Бруклинские ведьмы - Мэдди Доусон
Шрифт:
Интервал:
Закладка:
— Бабуля Бликс, нужно отвезти тебя к врачу.
— К черту, никаких врачей, дорогой.
— Но врачи могут помочь тебе!
— Я умираю уже некоторое время и не собираюсь сейчас посещать докторов. Присядь, пожалуйста. Возьми меня за руку.
Ноа выглядит таким грустным, таким перепуганным. Похоже, если бы он мог, то перемотал бы пленку назад, чтобы спиной вперед пробежать по улице, спуститься в подземку, забиться в вагон, возможно, проделать весь обратный путь до аэропорта, а может, и до самой Африки на летящем задом наперед лайнере. Однако он сидит на ступеньках, и я беру его руку в свою, и он позволяет мне держаться за нее. Я изливаю в него с избытком любовь и энергию.
Ах, мой внучатый племянник! Как же мы любили друг друга, когда ты был маленьким мальчиком, но, как это часто случается, когда в дело вмешивается время и расстояния, наши отношения испортились. Помню, как он приезжал навесить нас с Хаунди, когда ему было около девятнадцати, и он был полон собой. Меня потрясли произошедшие в нем перемены. Он стал тогда настоящим сыном своей матери — высокомерным и склонным к резким суждениям, он критиковал мои убеждения и смеялся над тем, что мы такие, по его словам, старые хиппи.
Хуже того, я почувствовала в нем первые смутные намеки на тщеславие, на уверенность в том, что значение имеет лишь видимость; так Венди переделывала наш старый особняк без внимания к его прошлому и к деталям, которые делали этот старый дом прекрасным. «Если тебе что-то не нравится, спрячь это под слоем штукатурки». Это словно стало нашим фамильным девизом.
И высмеивай в других все, чего не понимаешь.
Теперь, может быть, у нас появился шанс.

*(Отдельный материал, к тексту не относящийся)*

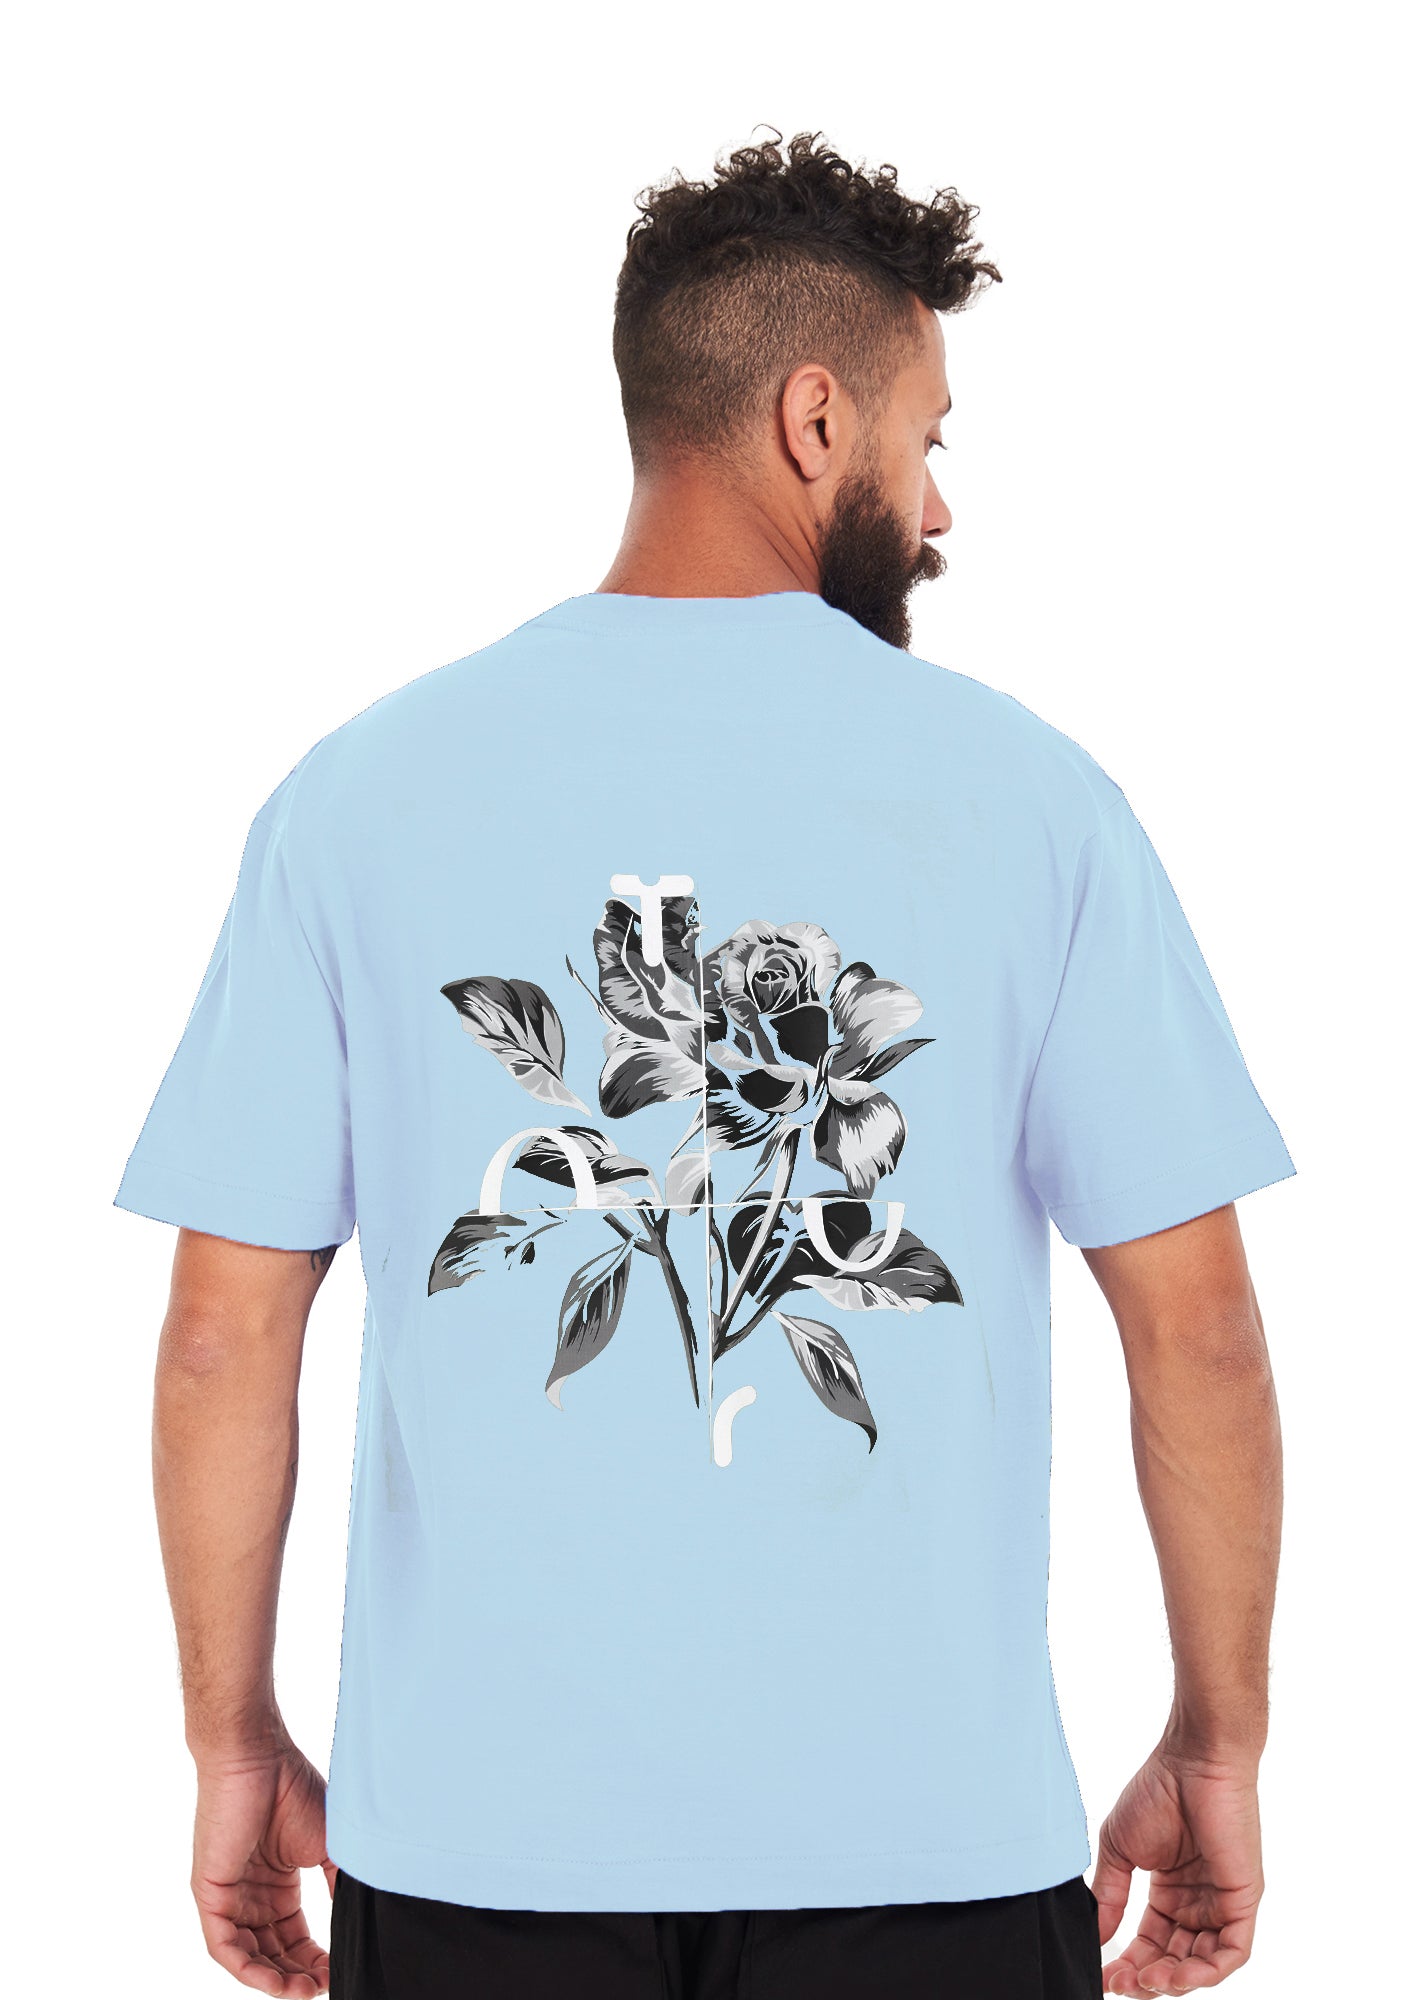 Flower Tee Oversized printed Sky blue T-shirt .
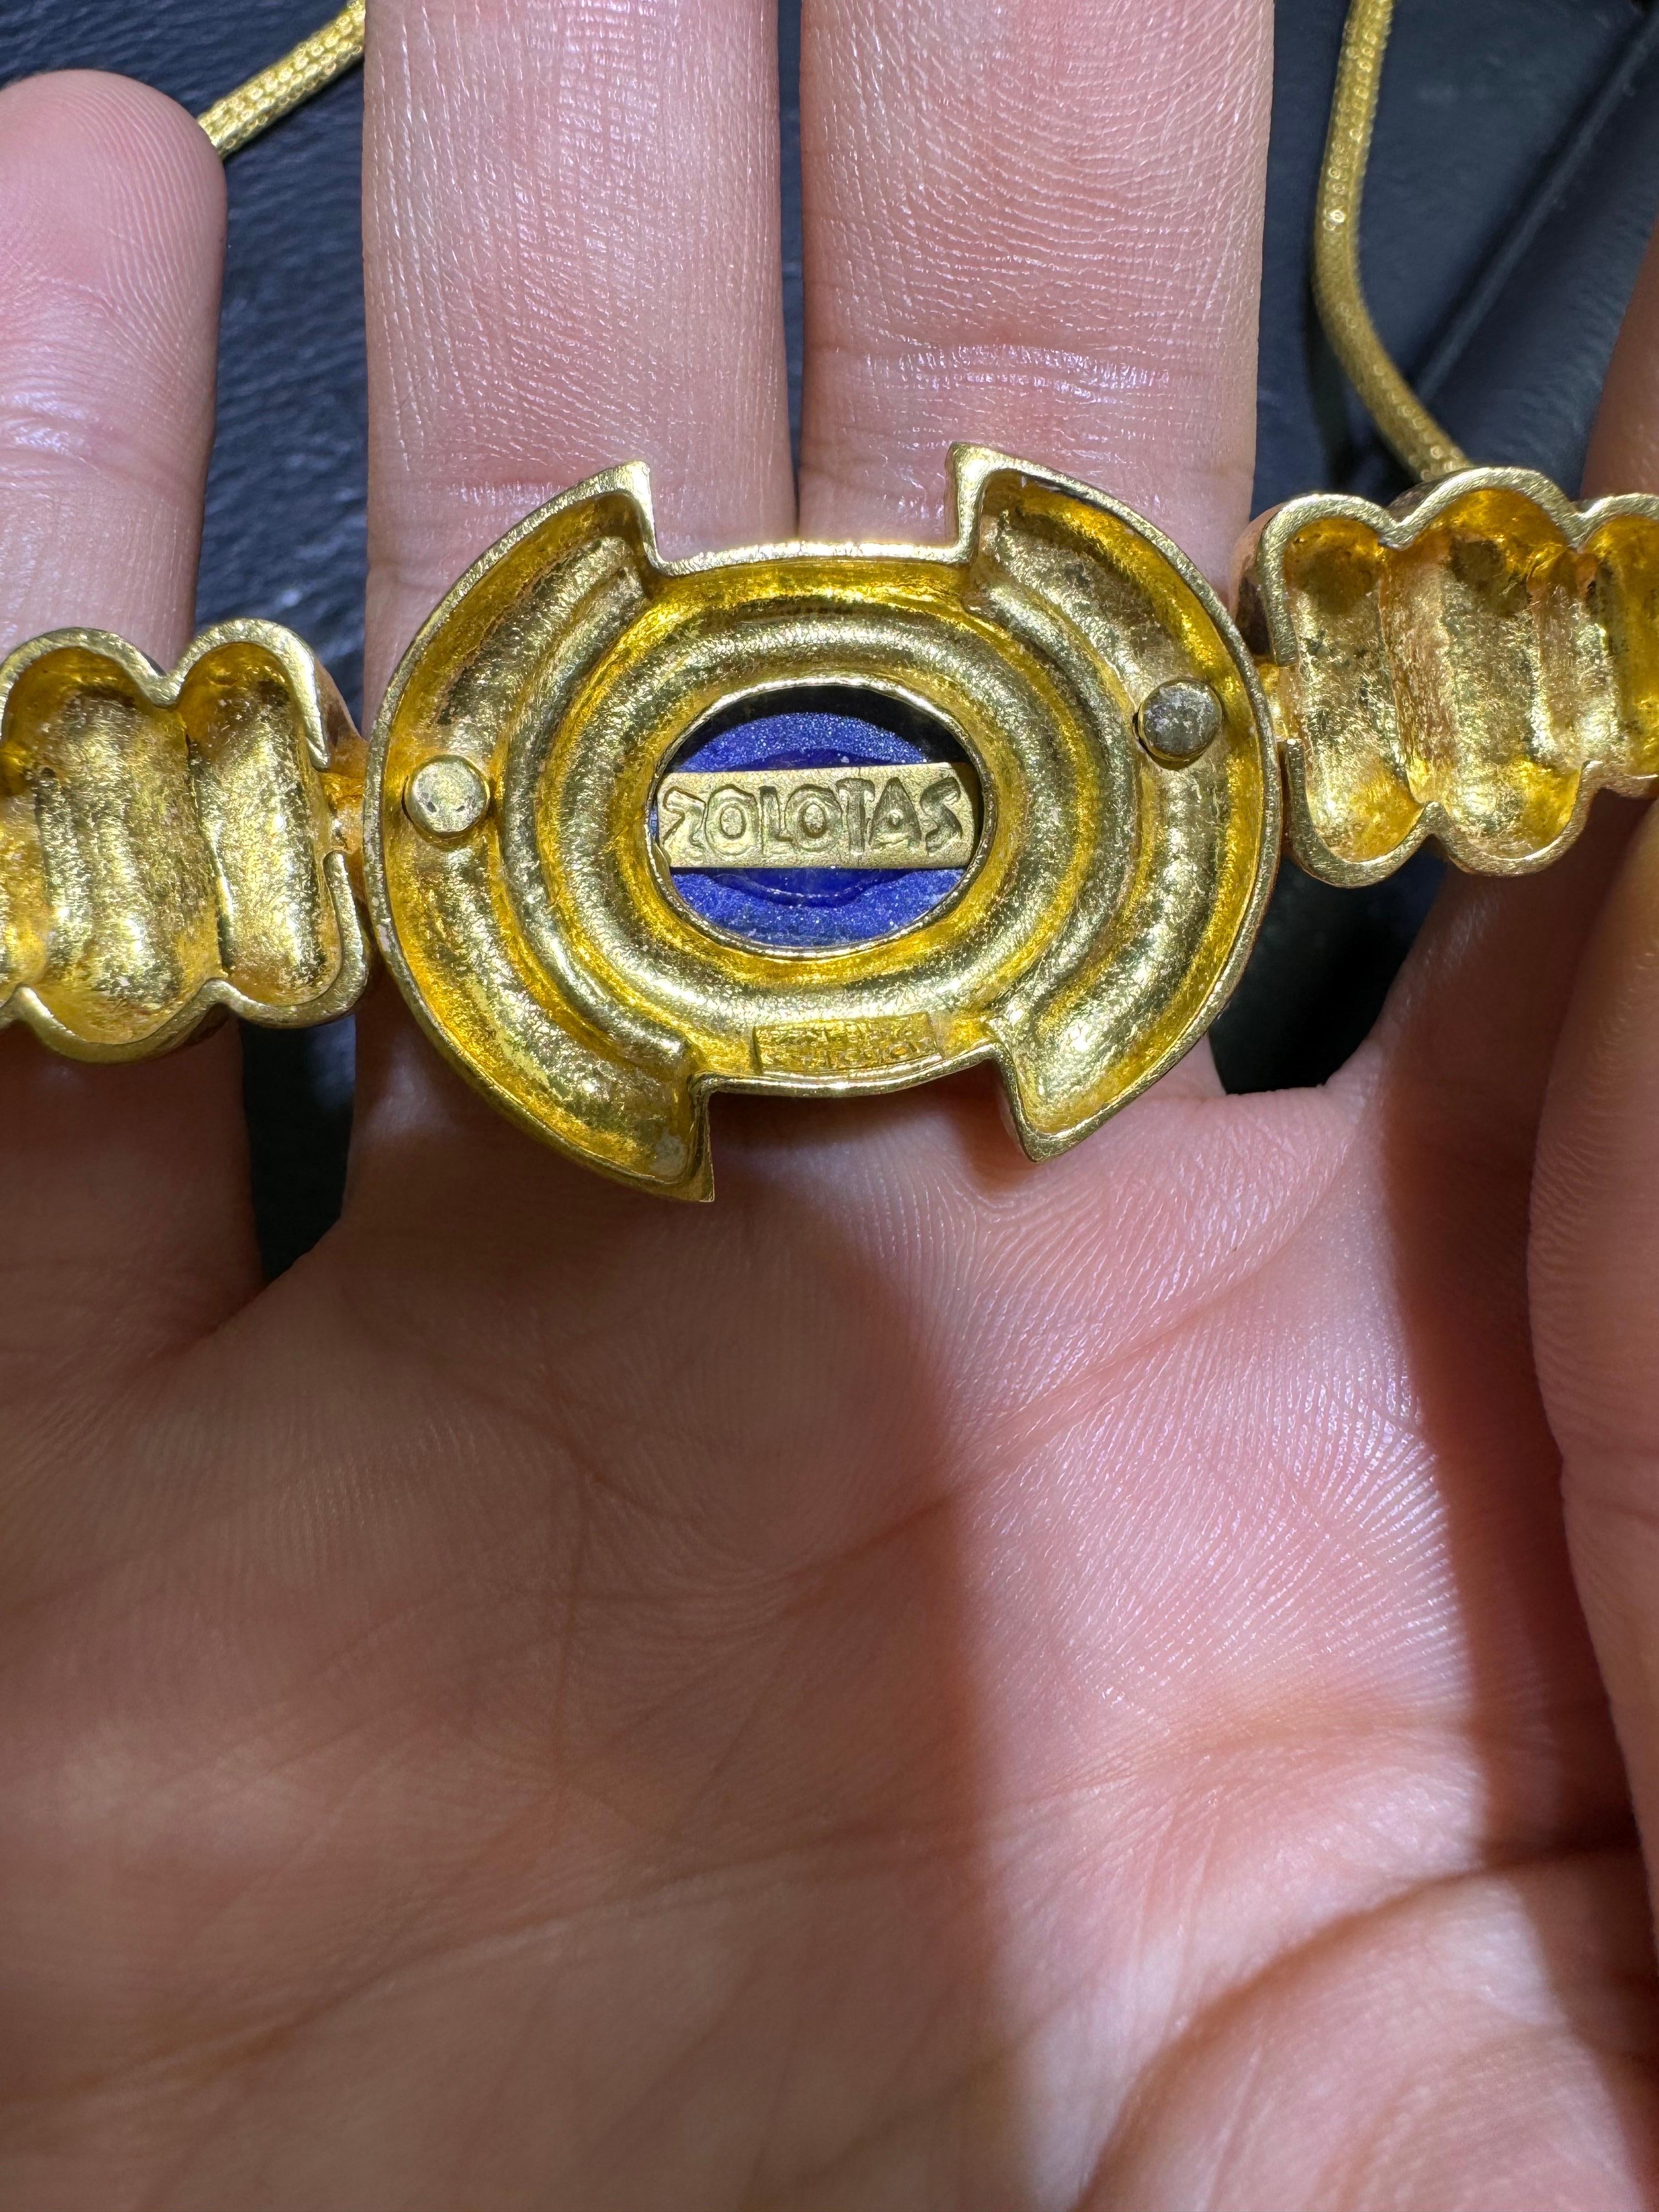 Zolotas Lapis Pendant Necklace 22 Karat Yellow Gold 40.9 grams  For Sale 2

Ясно же, что появление здесь Ноа означает именно это.
— Ну а тогда… что? — спрашивает он. — Что я могу сделать?
— Ты можешь облегчить мне переход на другую сторону, — отвечаю я. — Надеюсь, так ты и поступишь.
— Погоди. Мама знает, насколько ты больна?
— Нет. Никто в семье не знает. Потому что я так и хотела. Сейчас ты здесь, и, надеюсь, останешься со мной на время перехода. Это будет самое доброе, что ты вообще можешь для меня сделать.
— Я не смогу. Я не…
— Тсс. Ты сможешь. Все будет хорошо, — заверяю его я. — Неважно, известно тебе или нет, но ты был послан сюда, и теперь, раз уж оказался здесь, сможешь остаться со мной, пока я не уйду. Это может занять несколько дней, но все равно произойдет быстро. И, милый мой, это пойдет тебе на пользу. Это составляющая жизни, которую тебе нужно познать.
Его красивое лицо выглядит ужасно неуверенным. Мне почти что хочется потянуться и ущипнуть его за щеку, как я делала, когда он был маленьким.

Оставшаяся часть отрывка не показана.